WORK ITEM: The required answer is an exact copy of the records below, without pictures.
+++
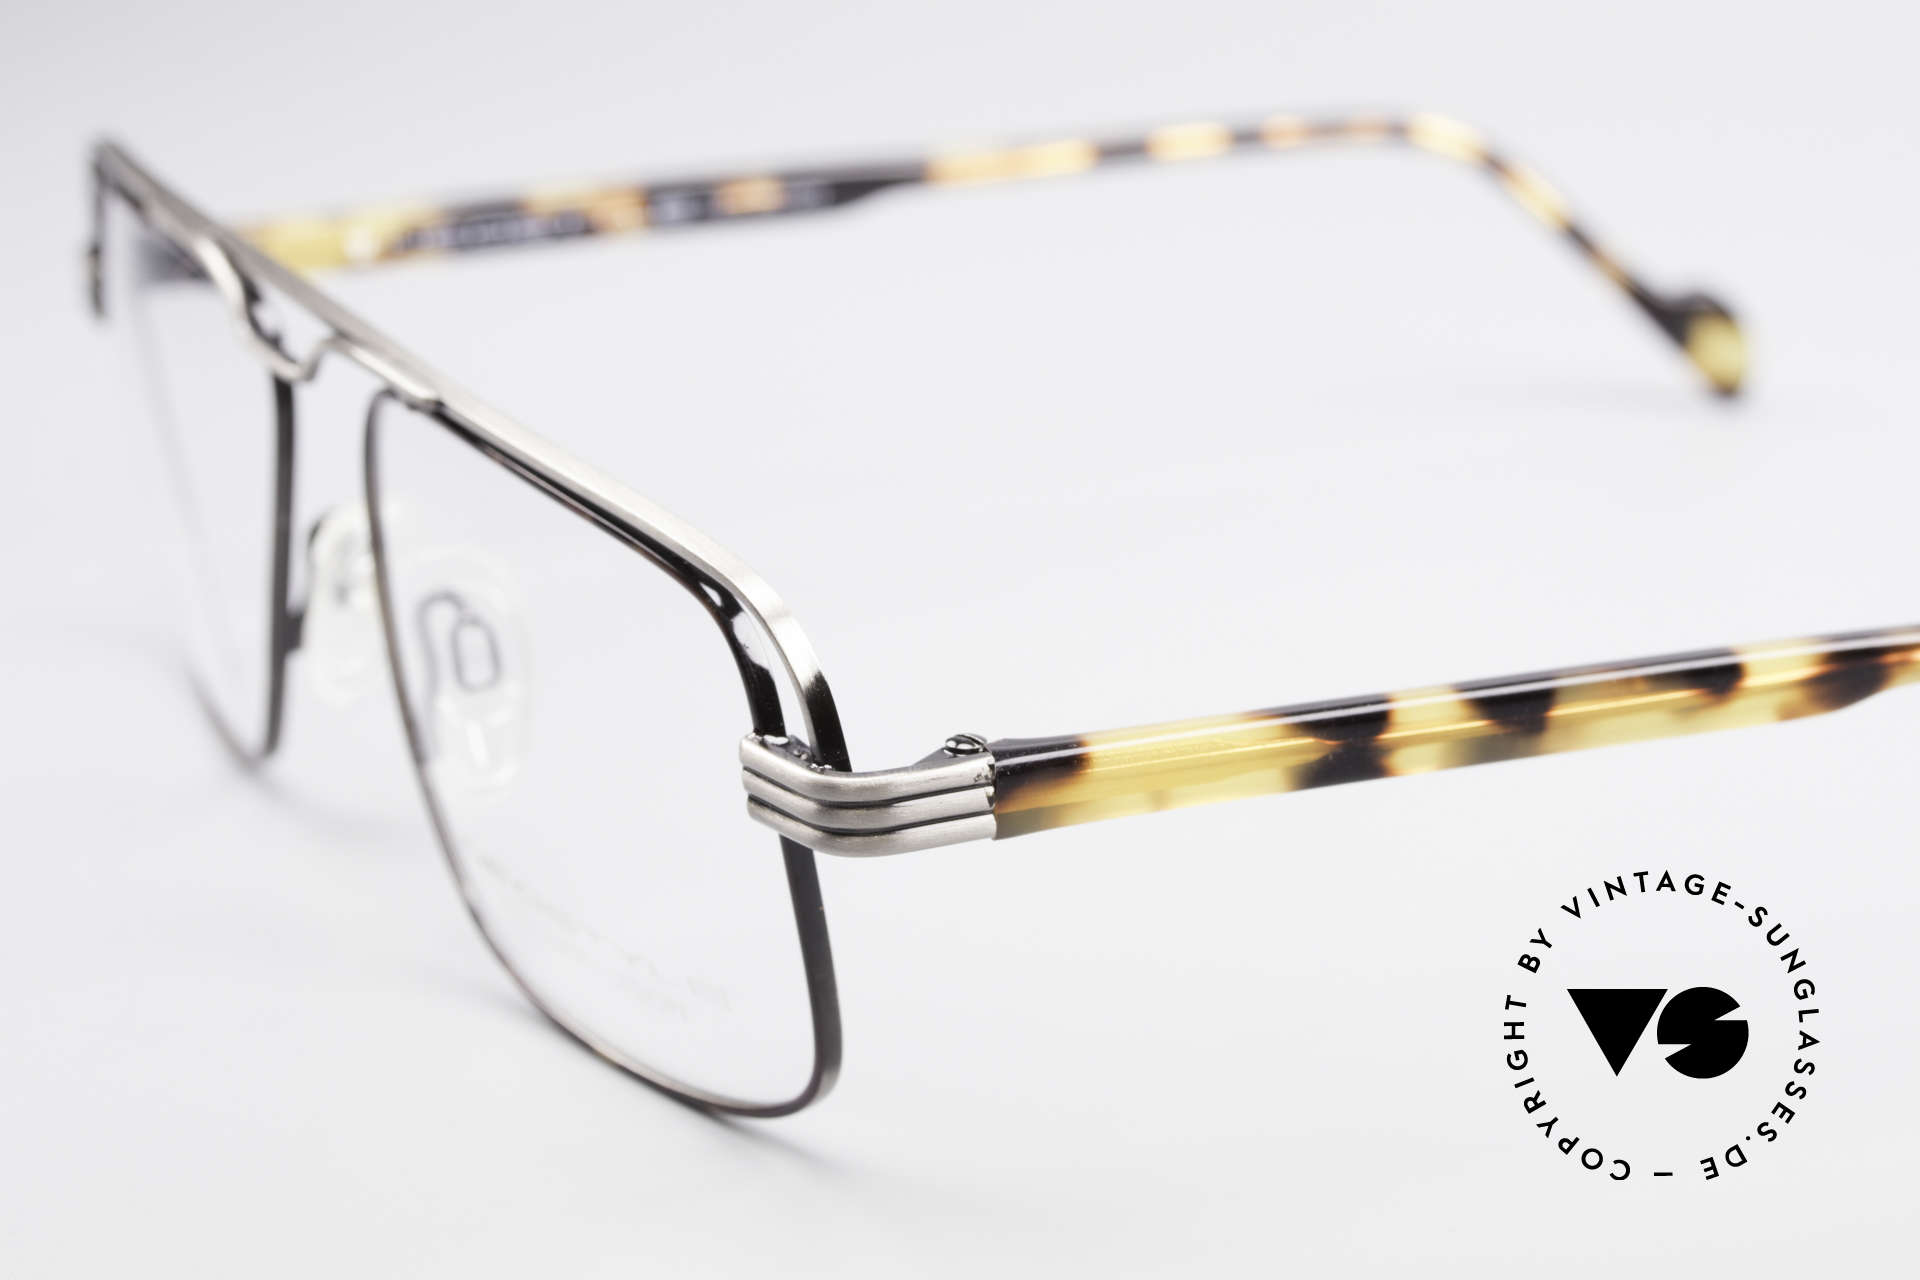 Neostyle Jet 230 80's Vintage No Retro Glasses, frame fits optical lenses or sun lenses of any kind, Made for Men
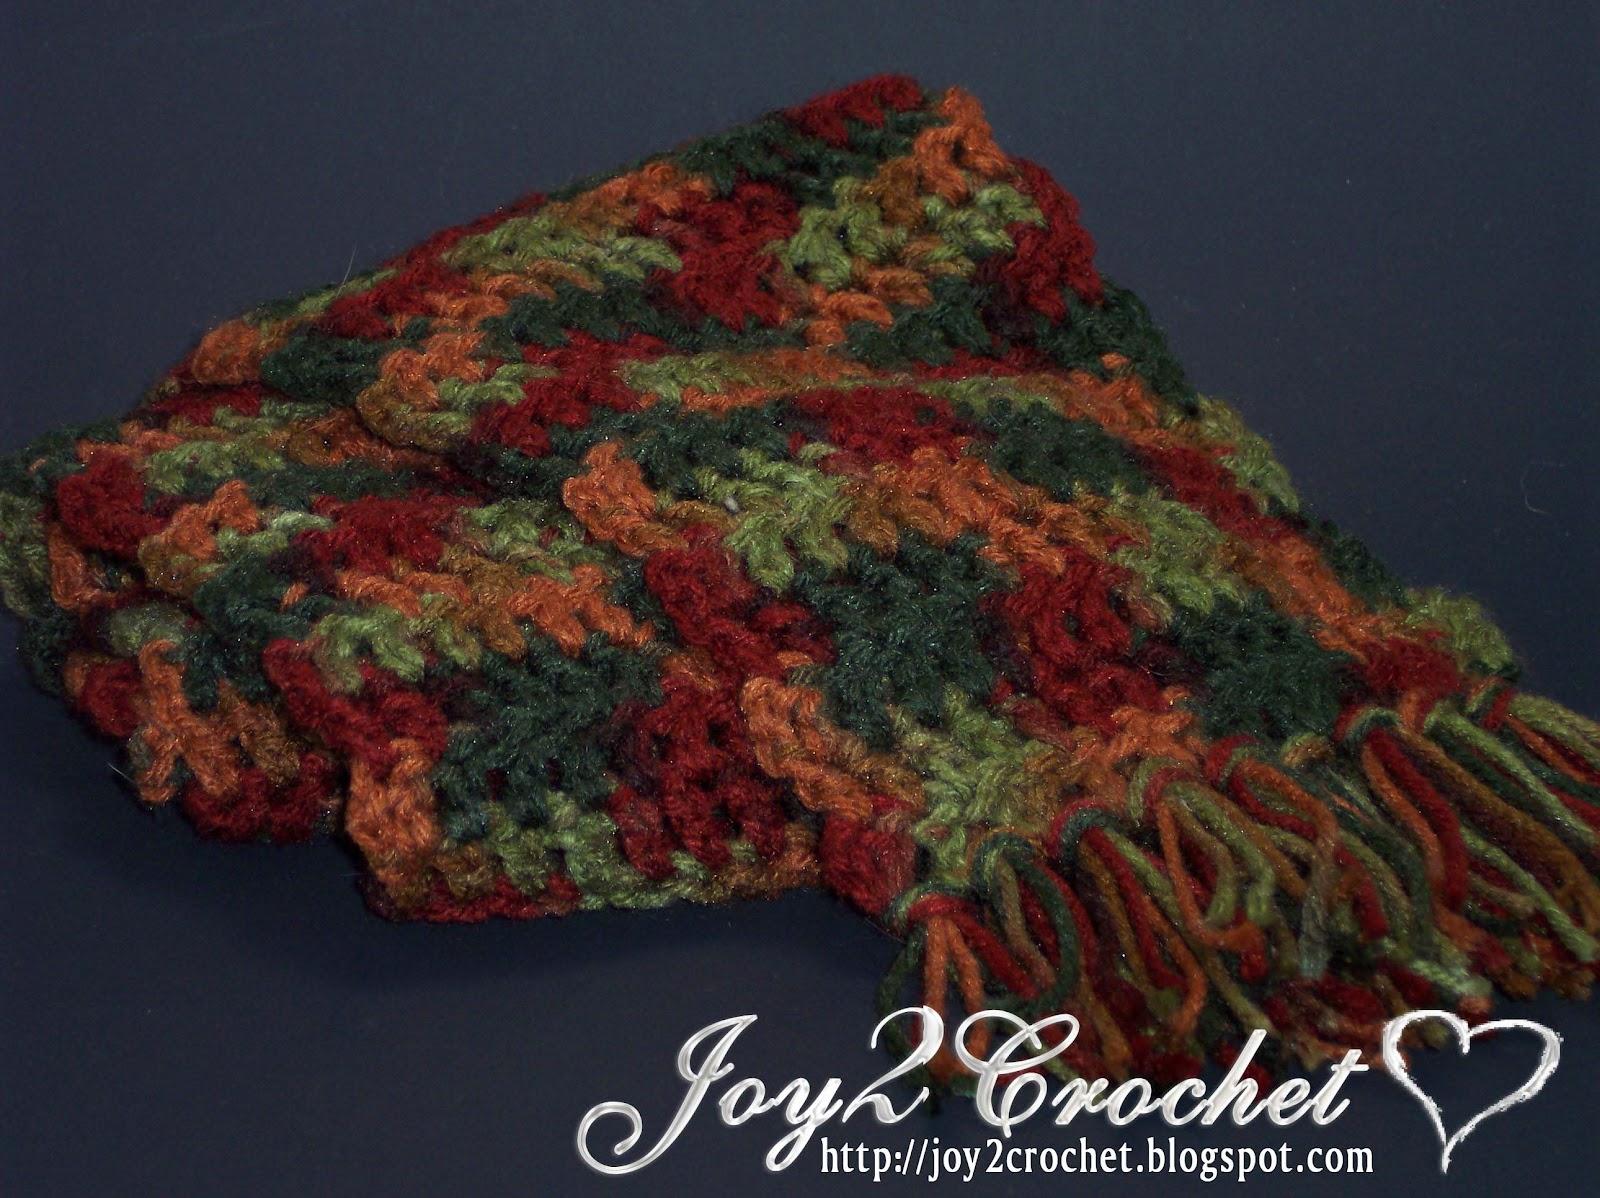 Variegated Yarn Crochet - Crochet Club
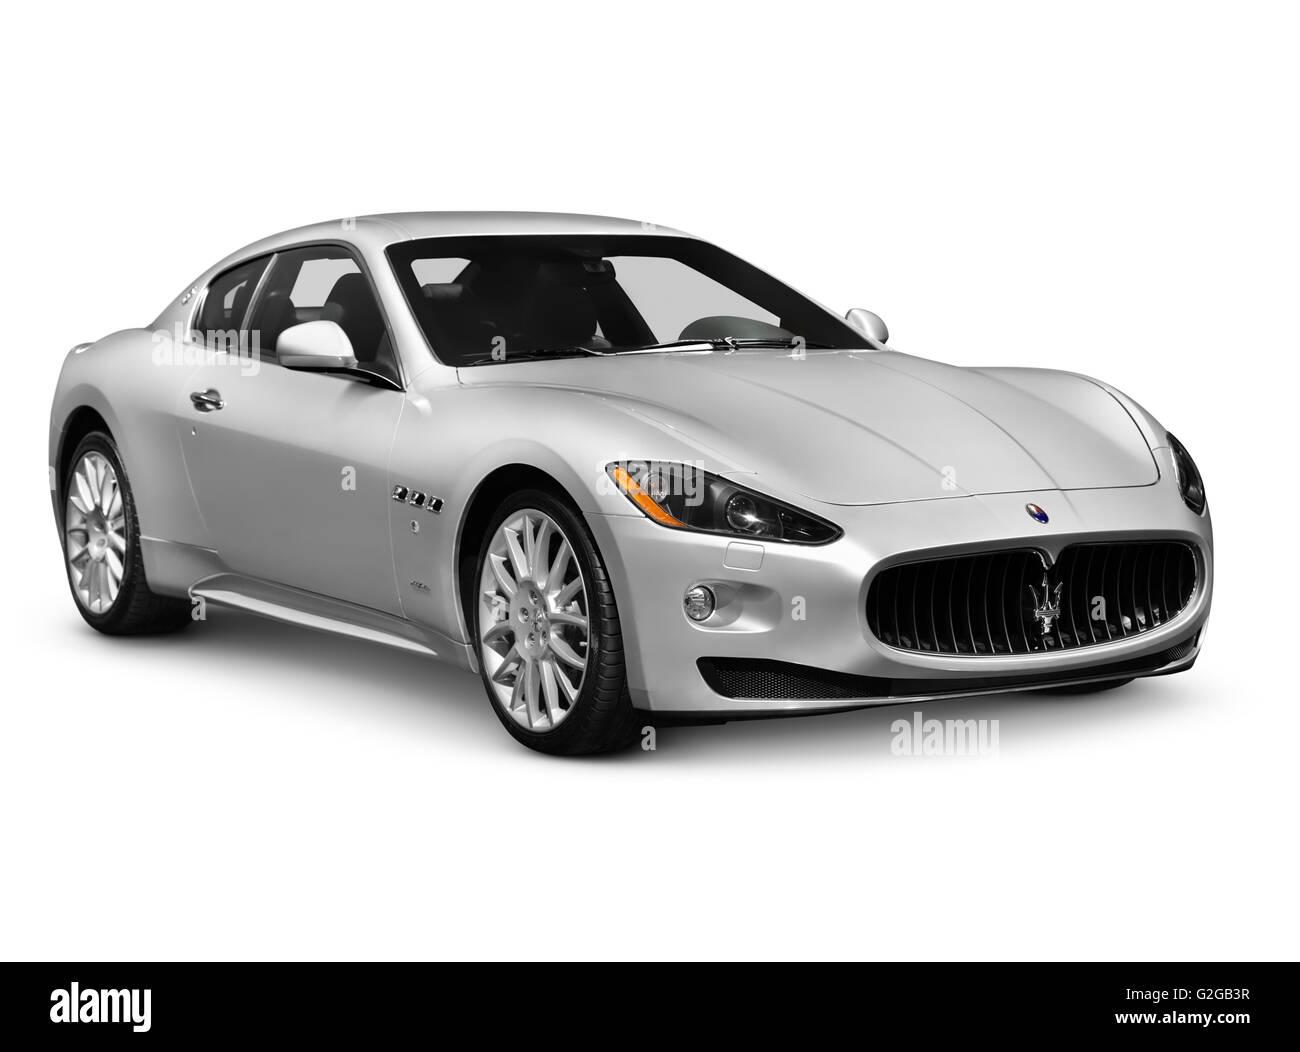 2010 Silver Maserati GranTurismo two-door coupe luxury car Stock ...
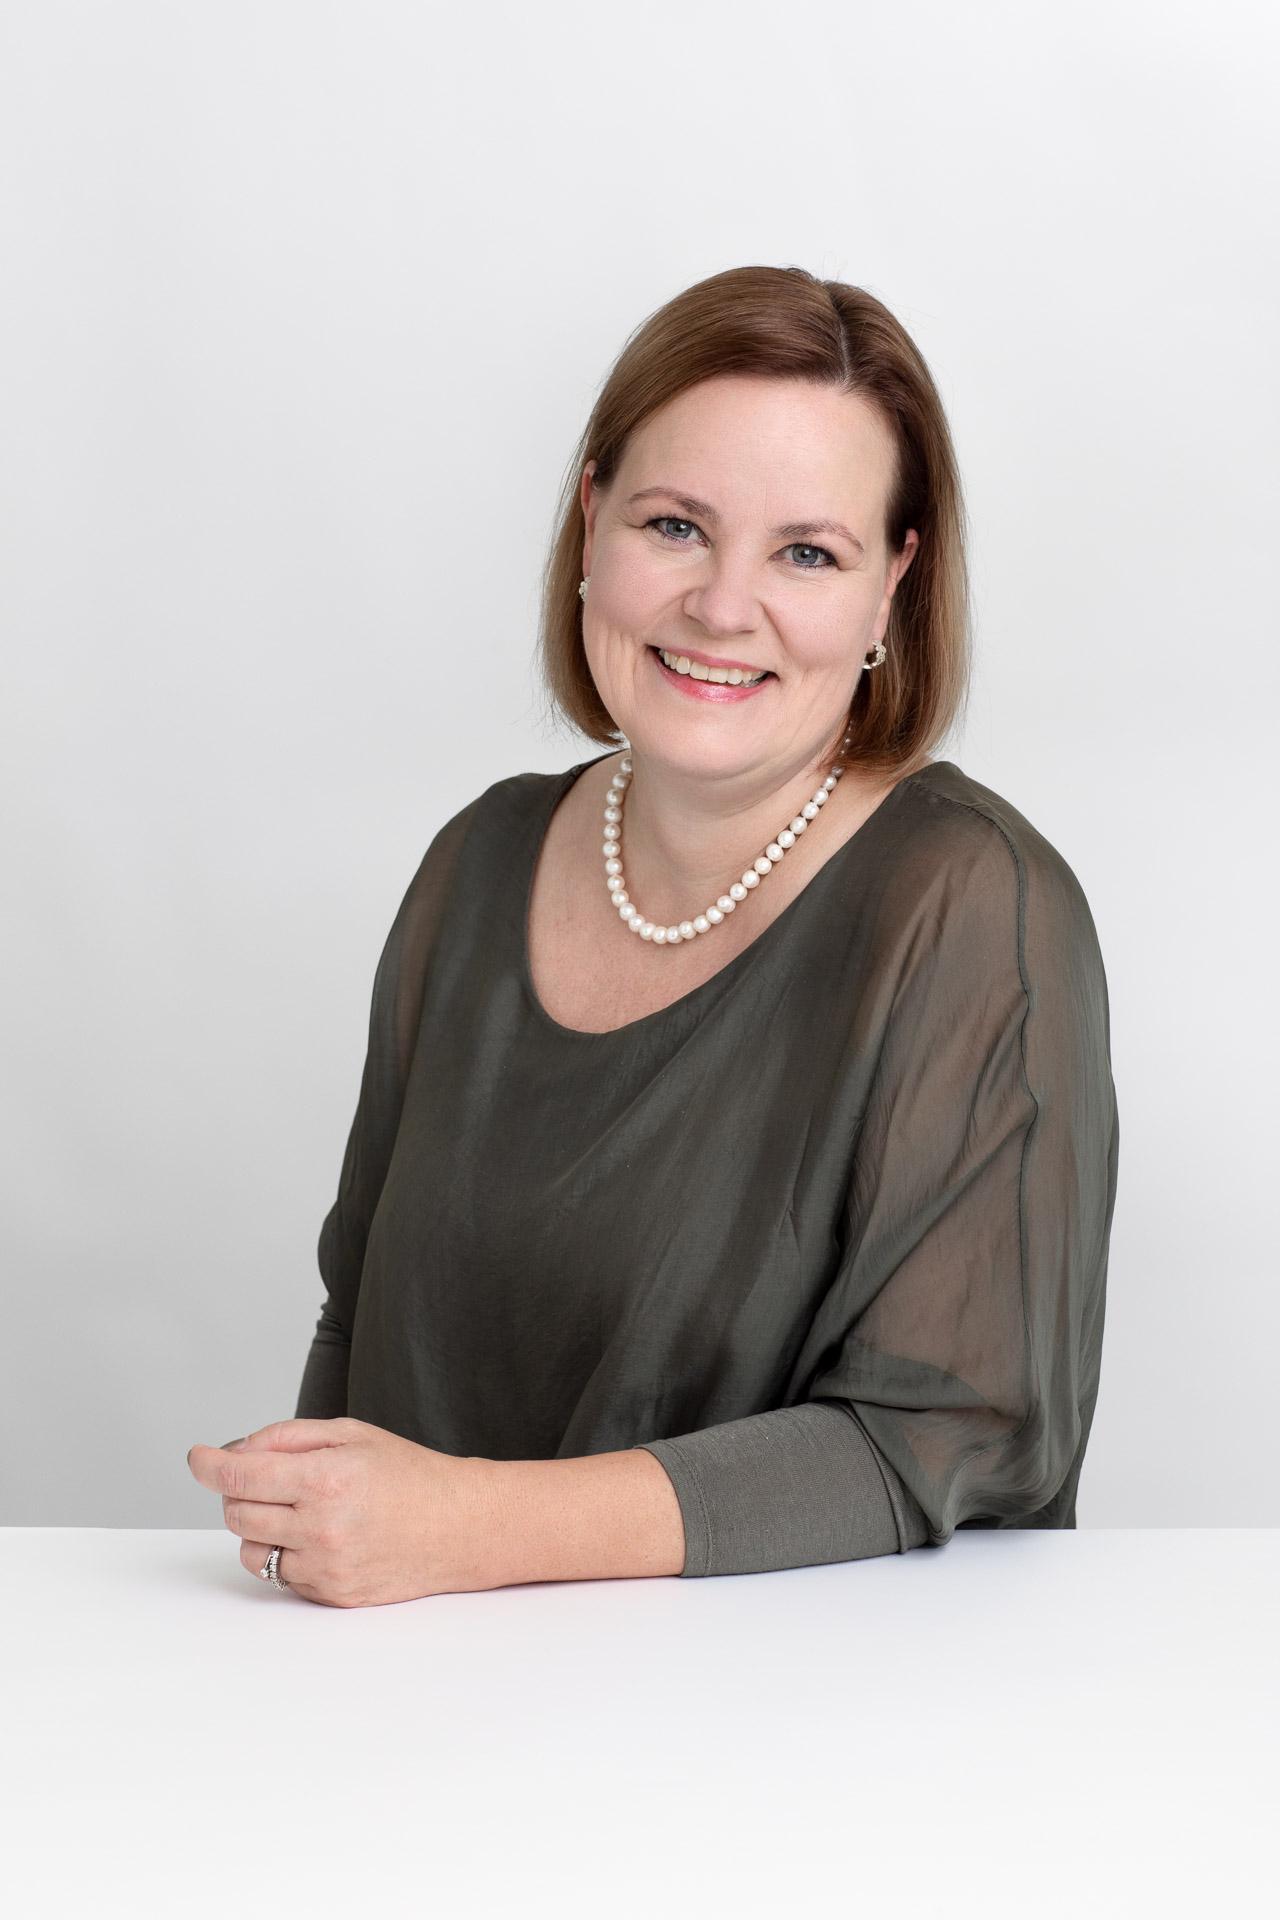 Johanna Hammarberg
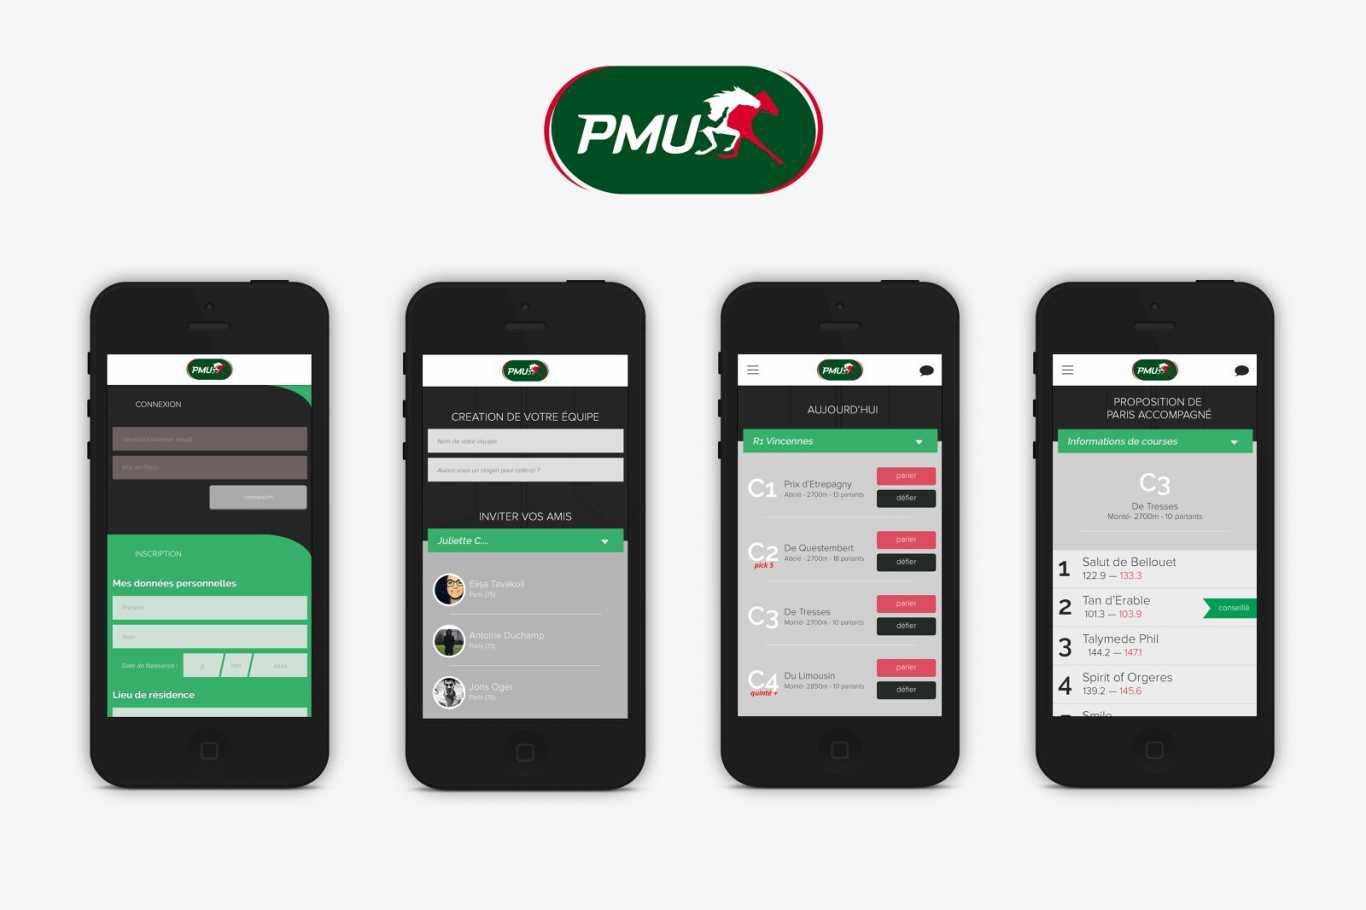 PMU mobile sénégal
+++
EXERCISE OUTPUT:
 Neostyle Jet 230 80's Vintage No Retro Glasses, frame fits optical lenses or sun lenses of any kind, Made for Men
 Variegated Yarn Crochet - Crochet Club
 2010 Silver Maserati GranTurismo two-door coupe luxury car Stock ...
 Johanna Hammarberg
 PMU mobile sénégal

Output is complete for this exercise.